Lawmakers are reportedly working on a Bitcoin (BTC) national reserve proposal, with a draft bill in its final stages, according to Yaroslav Zhelezniak, a member of parliament who confirmed the plan to local media outlet Incrypted.

The proposal was announced during the CRYPTO 2025 conference in Kyiv on Feb. 6. “We will soon submit a draft law from the industry allowing the creation of crypto reserves,” Zhelezniak said.

Cointelegraph reached out to Zhelezniak for comment on the bill’s status but had not received a response by publication.

Related: Bitcoin treasury firms driving $200T hyperbitcoinization — Adam Back

Bitcoin has gained international attention as a national reserve asset since the election of US President Donald Trump in November 2024. On March 7, Trump signed an executive order to establish a national Bitcoin reserve seeded with BTC confiscated from criminal cases.

Source: Margo Martin

A month later, Swedish MP Rickard Nordin issued an open letter urging Finance Minister Elisabeth Svantesson to consider adopting Bitcoin as a national reserve asset, citing its growing recognition as a “hedge against inflation,” Cointelegraph reported on April 11.

Related: Satoshi Nakamoto turns 50 as Bitcoin becomes US reserve asset

Legal challenges may delay adoption

While Ukraine’s push for a national Bitcoin reserve marks a potentially historic shift in crypto policy, it may require “significant legal change,” according to Kyrylo Khomiakov, regional head of CEE, Central Asia and Africa, at crypto exchange Binance.

“We commend Ukraine’s ambition to establish a strategic crypto reserve,” he told Cointelegraph. “Implementing such a reserve would necessitate significant legal changes, indicating that this process will not be swift.”

He added, “Another positive aspect is that this initiative will likely lead to greater regulatory clarity in Ukraine, as the government will need to articulate its stance more clearly.”

Ukraine was reportedly planning to legalize cryptocurrencies in early 2025 with the finalization of a draft bill in coordination with the National Bank of Ukraine (NBU) and the International Monetary Fund (IMF), according to Daniil Getmantsev, head of the tax committee of the Verkhovna Rada.

On April 8, Ukraine’s financial regulator proposed taxing certain crypto transactions as personal income with a rate of up to 23%, excluding crypto-to-crypto transactions and stablecoins.

Not all voices in Ukraine’s crypto industry are optimistic about the timing of the proposal.

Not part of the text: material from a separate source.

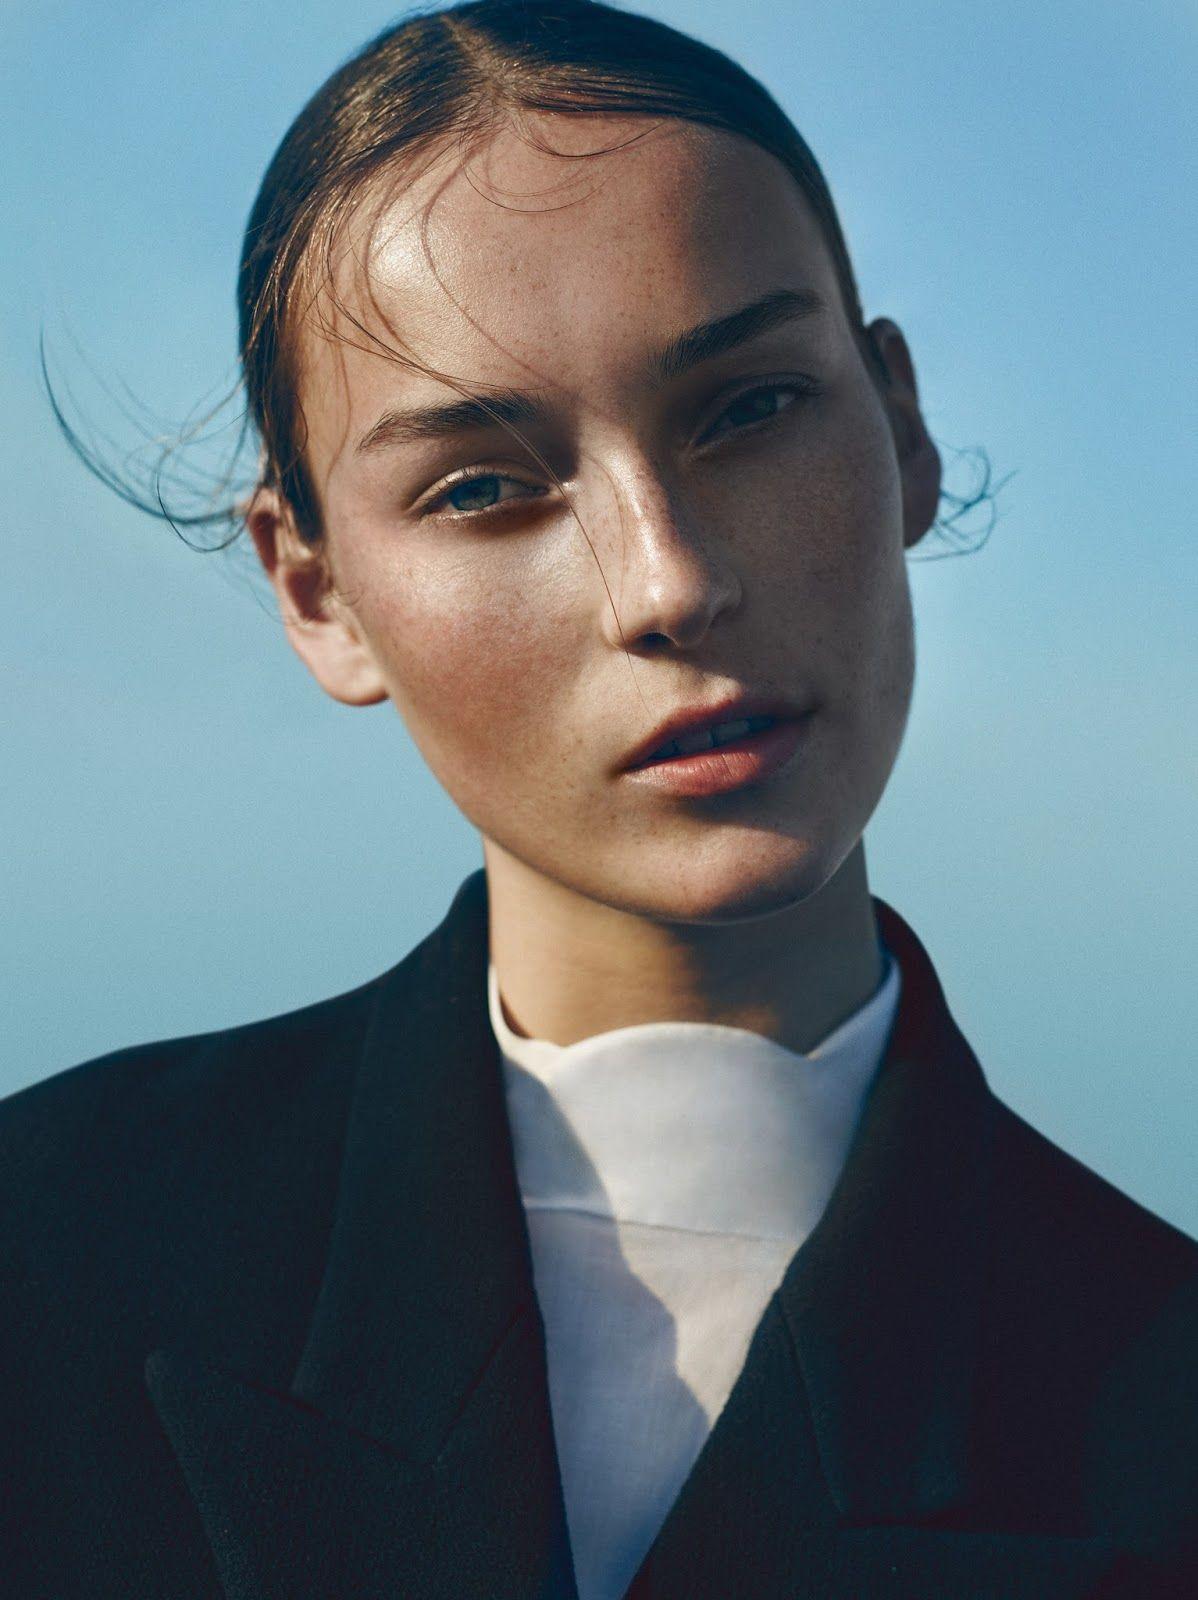 julia bergshoeff by annemarieke van drimmelen for vogue netherlands june 2016 | visual optimism; fashion editorials, shows, campaigns & more!
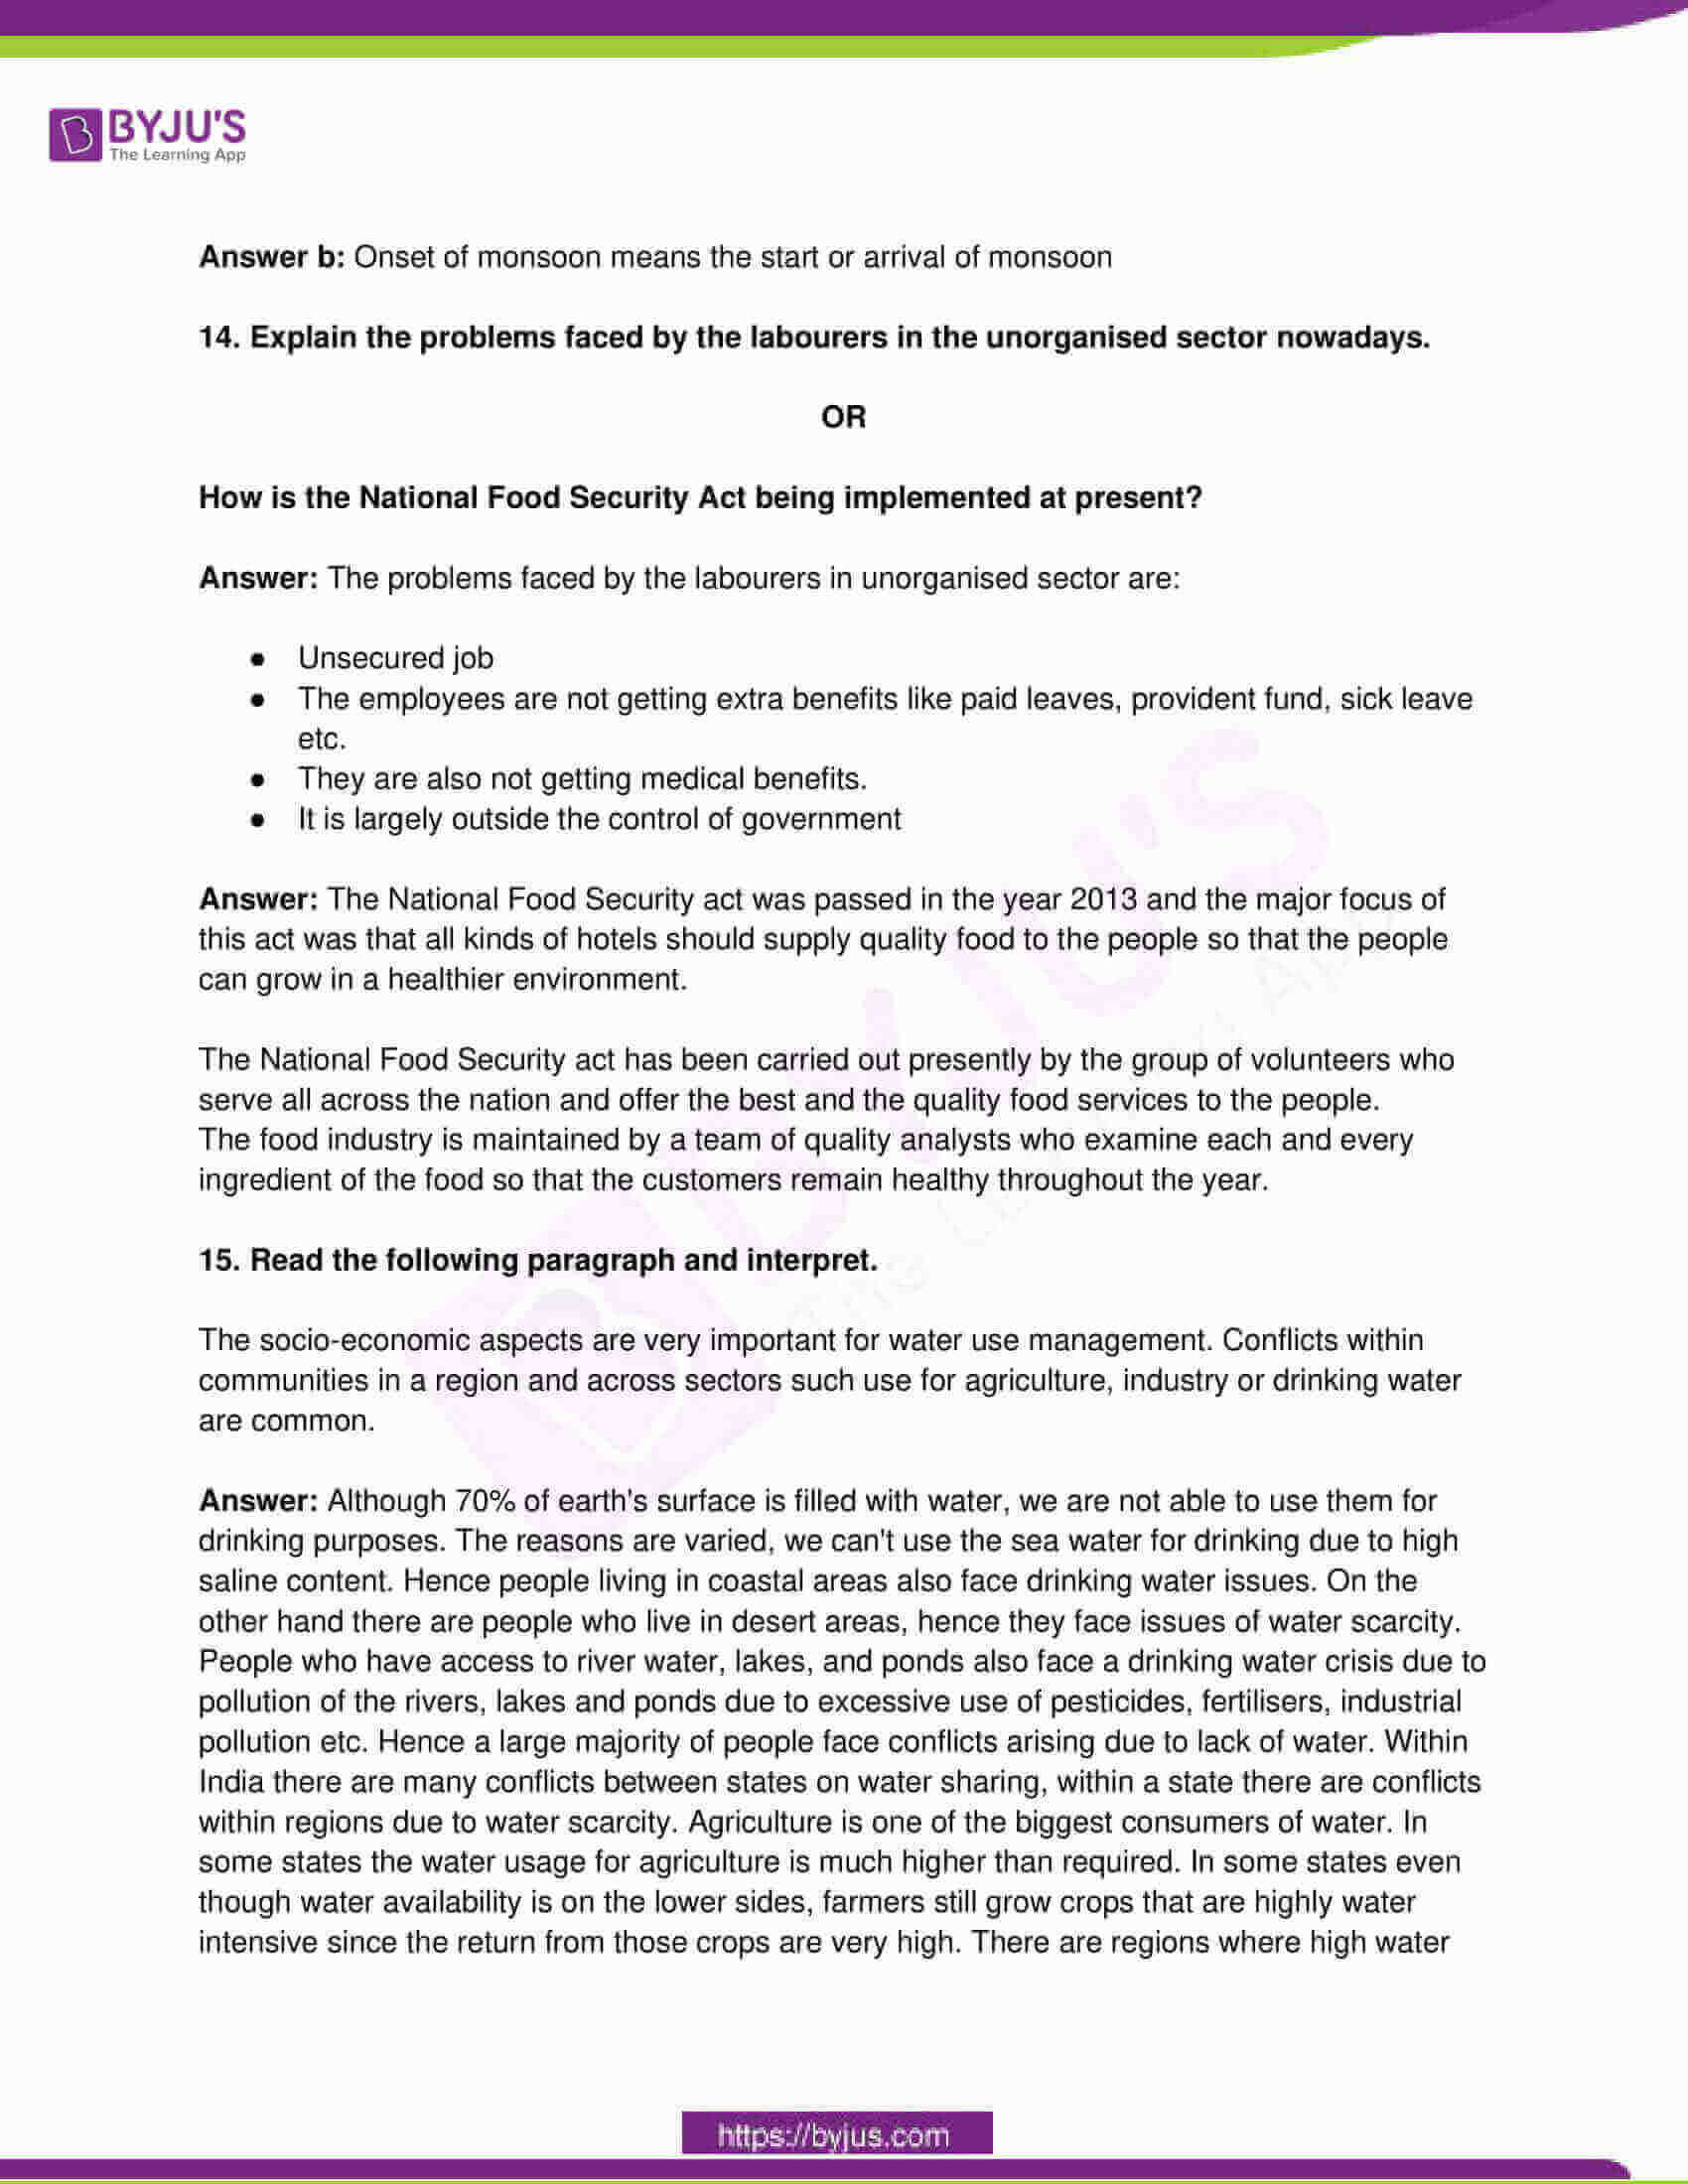 telangana board class 10 social science 2019 paper 1 solutions 5

” The country is broke. More than 50% of the budget is in grants and loans from the European Union,” said Michael Chobanian, the founder of Ukraine-based Kuna exchange. “The population is decreasing at the fastest rate in the world. Men are kidnapped and sent to the army against their will.”

“What kind of BTC reserves are we talking about here? This is done only to divert your attention,” Chobanian claimed.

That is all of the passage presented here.